No one should imagine the protest groups that magically appear at the first sign of a transportation project, no matter what it is or where it is planned, will be appeased by a better cost-benefit ratio. They will be there, raging against change, just as they always are.

The most curious aspect of the IEA report is the assertion that the coalition government is pursuing the scheme to “buy votes” in Labour’s heartlands. There appears to be little or no evidence for this claim, but if it were true you’d have to say there must be easier and more popular ways of spreading a little largesse around in Birmingham, Manchester and Leeds than building a railway.

The simple fact about HS2 is that the project is designed to stimulate the economy by reducing travel times between market places – in this case, the markets of the West Midlands, the north and London and the south-east. We need this to happen urgently because the economies of the Midlands and the north are suffering badly in comparison to the south.

There’s nothing very new about this, it’s been happening since medieval times when communities first realised they could prosper by trading goods with each other, and that meant achieving connectivity by building tracks – the forerunners of canals, railways and motorways.
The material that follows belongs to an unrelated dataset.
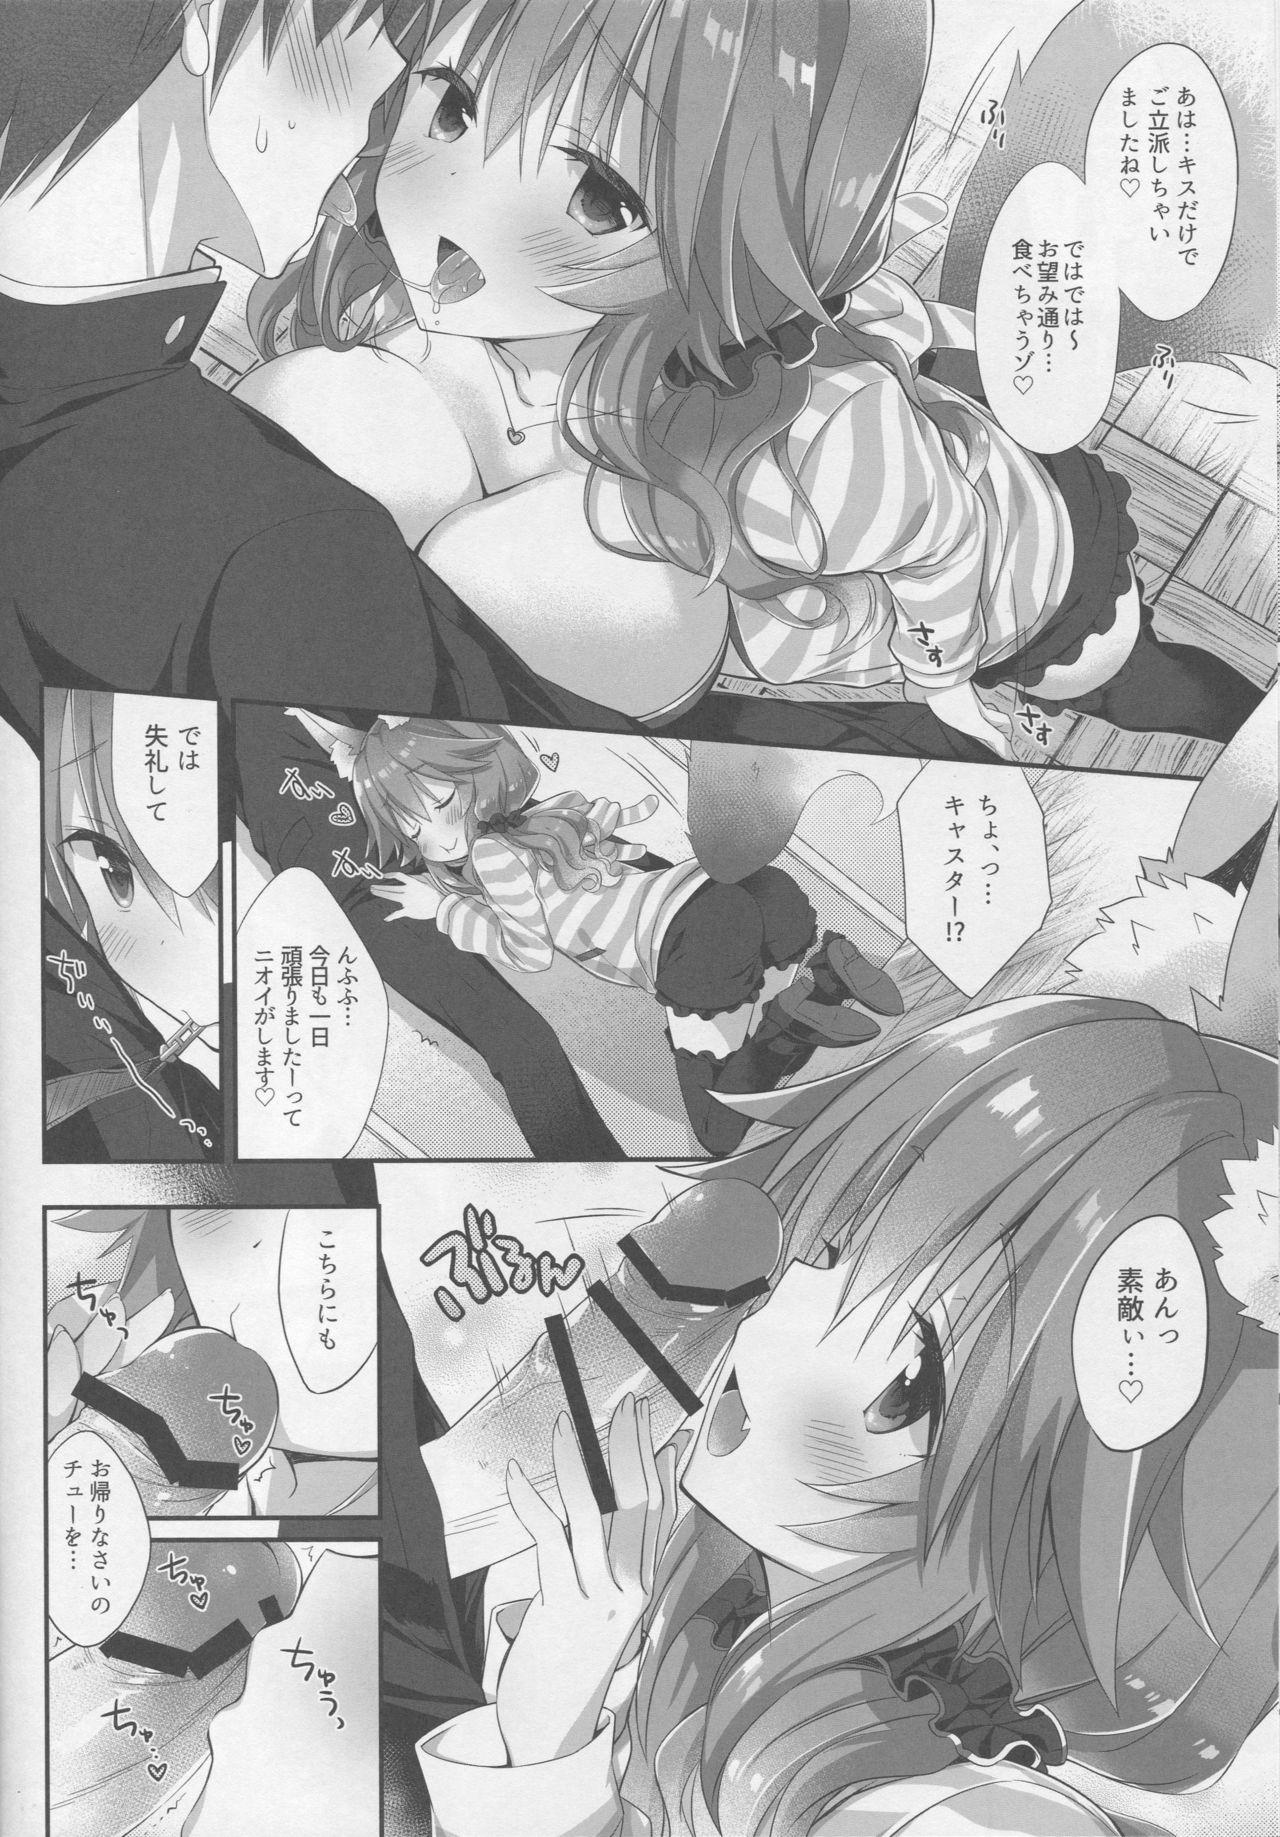 Boy Fuck Girl Ore to Tamamo to My Room 2 - Fate extra Fucking - Page 7

Would Birmingham be better off if the M6 and rail routes from London had never been built? The question barely needs to be asked.

Finally, those who are protesting against HS2 must address the elephant in the room. If we are not to have a high speed rail route from London to Birmingham, how can the issue of the overcrowded West Coast Main Line be addressed, because addressed it must be.

Put simply, WCML will be operating at capacity within a decade. HS2 would create additional capacity on WCML for passengers and freight, but if high speed rail does not materialise then the government of the day faces a hugely expensive and time-consuming problem.

Should we four-track WCML, or build a new WCML next to the existing line? How much would that cost, and what a crescendo of protest might such a controversial scheme trigger?

HS2 makes sense for all sorts of reasons. It will be expensive, but the cost of not building a high speed network will be far greater over time.